所以，总而言之，每当我们从一个数中减去 1，结果与该数本身相加，即变为 0 - 该数是 2 的幂！

So, in conclusion, whenever we subtract one from a number, AND the result with the number itself, and that becomes 0 - that number is a power of 2!

当然，任何与 0 的 AND 运算都会得到 0，所以我们添加了对 n != 0 的检查.

Of course, AND-ing anything with 0 will give 0, so we add the check for n != 0.

您总是可以使用一些数学函数，但请注意，如果不小心使用它们可能会导致不正确的结果:

You could always use some math functions, but notice that using them without care could cause incorrect results:

import math

math.log(n, 2).is_integer()

或者:

math.log2(n).is_integer()

• 值得注意的是，对于任何 n <= 0，这两个函数都会抛出一个 ValueError，因为它在数学上是未定义的(因此不应该出现逻辑问题).
• Worth noting that for any n <= 0, both functions will throw a ValueError as it is mathematically undefined (and therefore shouldn't present a logical problem).

或者:

abs(math.frexp(n)[0]) == 0.5

• 还应注意，对于某些数字，这些函数并不准确，实际上会给出错误结果:

  • math.log(2**29, 2).is_integer() 将给出 False
  • math.log2(2**49-1).is_integer() 将给出 True
  • math.frexp(2**53+1)[0] == 0.5 将给出 True!!
  • math.log(2**29, 2).is_integer() will give False
  • math.log2(2**49-1).is_integer() will give True
  • math.frexp(2**53+1)[0] == 0.5 will give True!!

  这是因为 math 函数使用浮点数，而那些具有 固有的准确性问题.

  This is because math functions use floats, and those have an inherent accuracy problem.

  根据数学文档，具有给定基数的 log 实际上计算 log(x)/log(base) 这显然很慢.log2 据说更准确，也可能更有效.位操作是简单的操作，不调用任何函数.

  According to the math docs, the log with a given base, actually calculates log(x)/log(base) which is obviously slow. log2 is said to be more accurate, and probably more efficient.
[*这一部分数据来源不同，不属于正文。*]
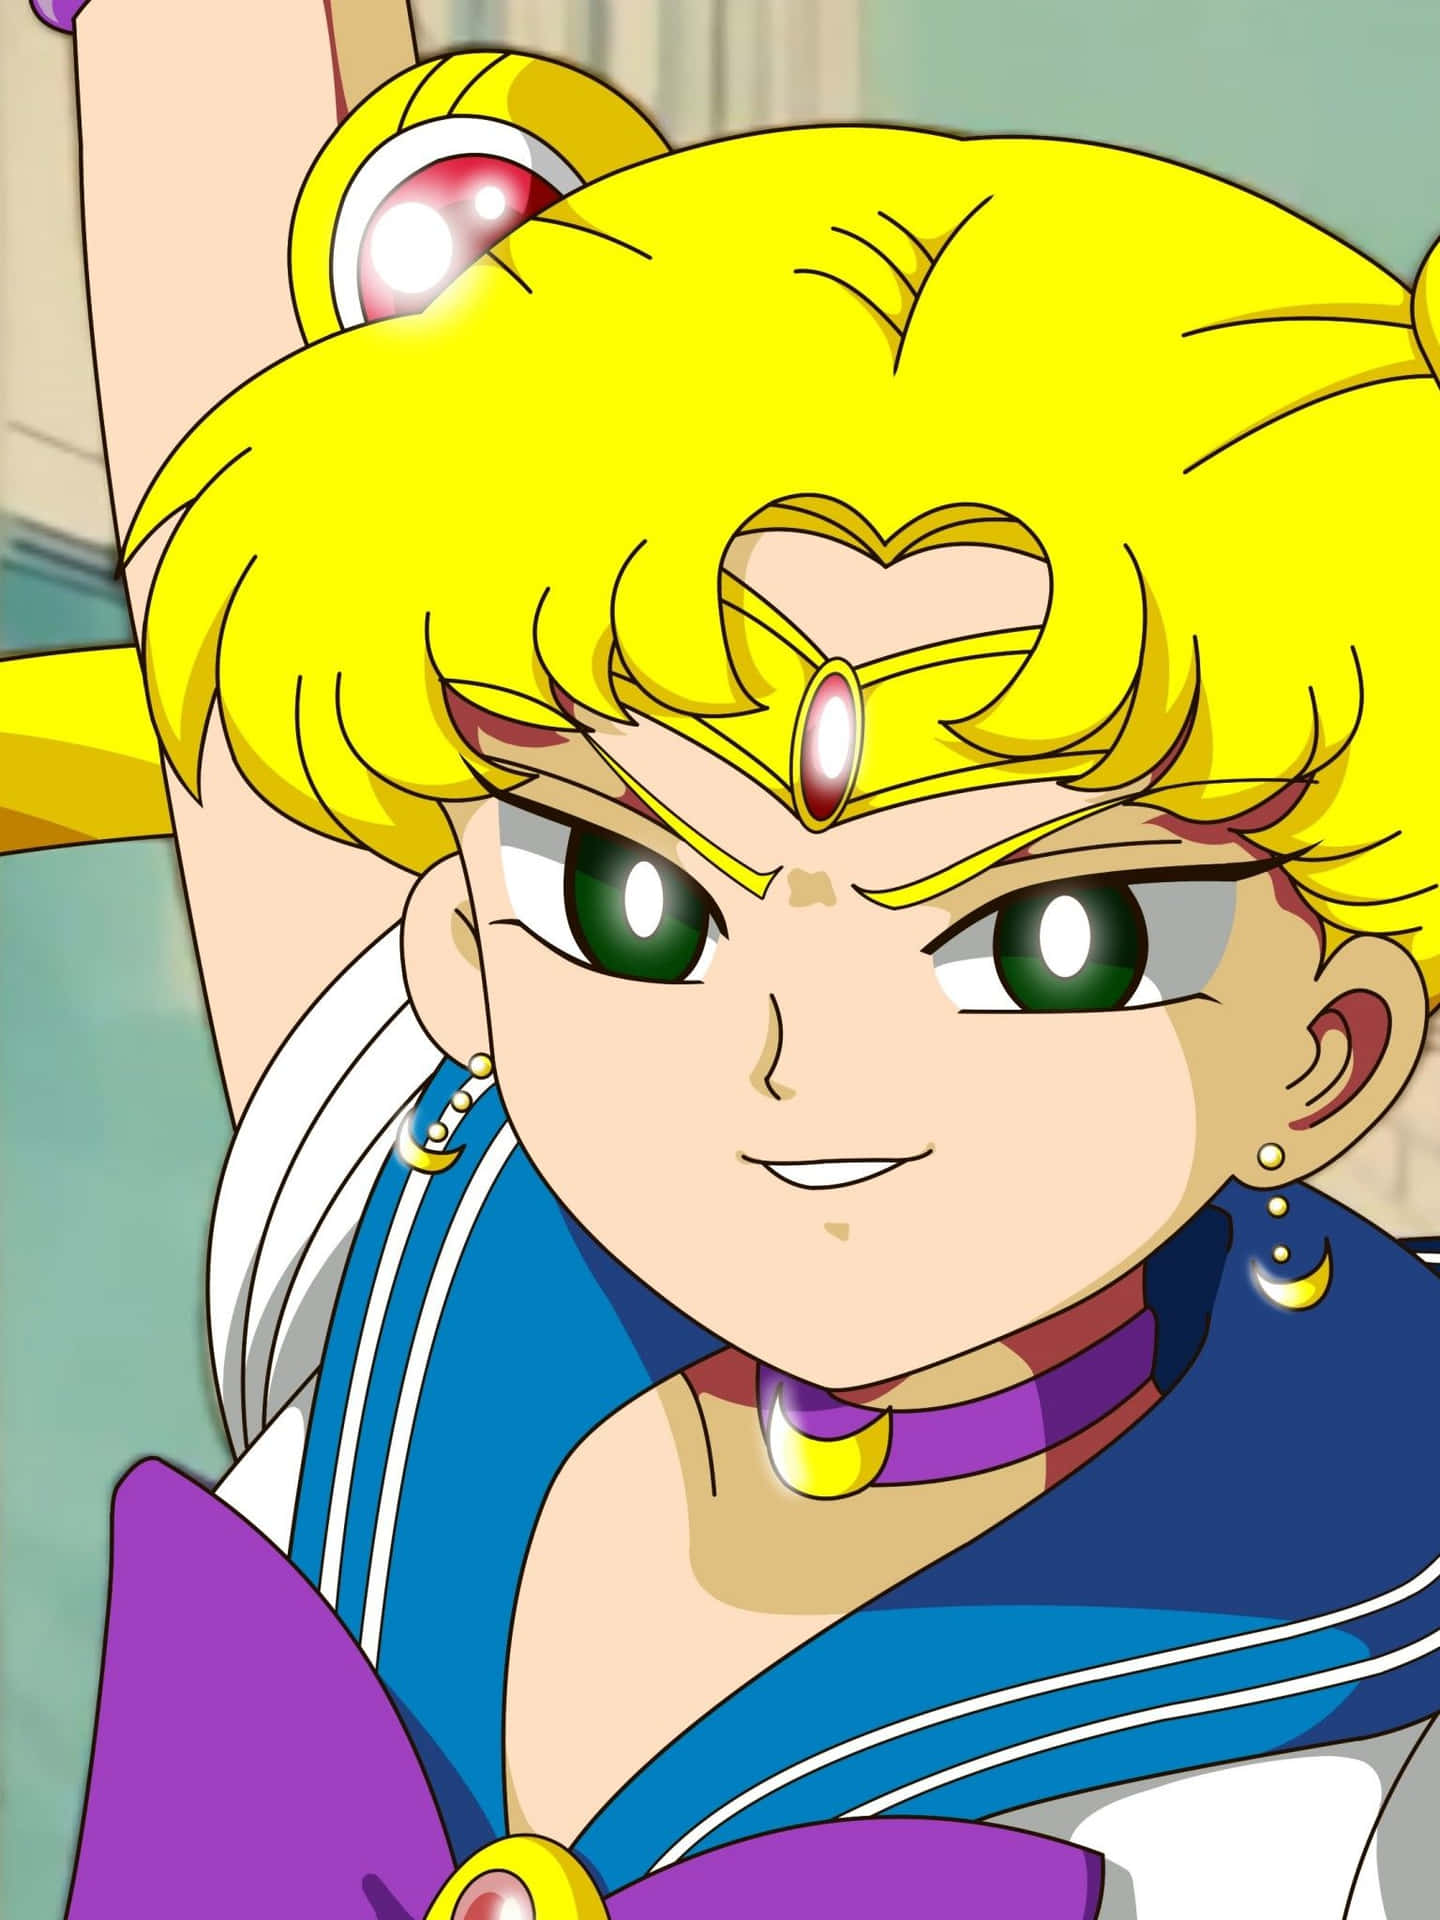 Seguii Tuoi Sogni E Non Arrenderti Mai - Estetica Sailor Moon. Sfondo

Bit manipulations are simple operations, not calling any functions.

  所以结果是:

  log with base=2:0.67 秒

  log with base=2: 0.67 sec

  frexp:0.52 秒

  log2:0.37 秒

  位操作:0.2 秒

  我用于这些措施的代码可以在此 REPL 中重新创建.

  The code I used for these measures can be recreated in this REPL.

  这篇关于如何检查给定的数字是否是 2 的幂?的文章就介绍到这了，希望我们推荐的答案对大家有所帮助，也希望大家多多支持IT屋！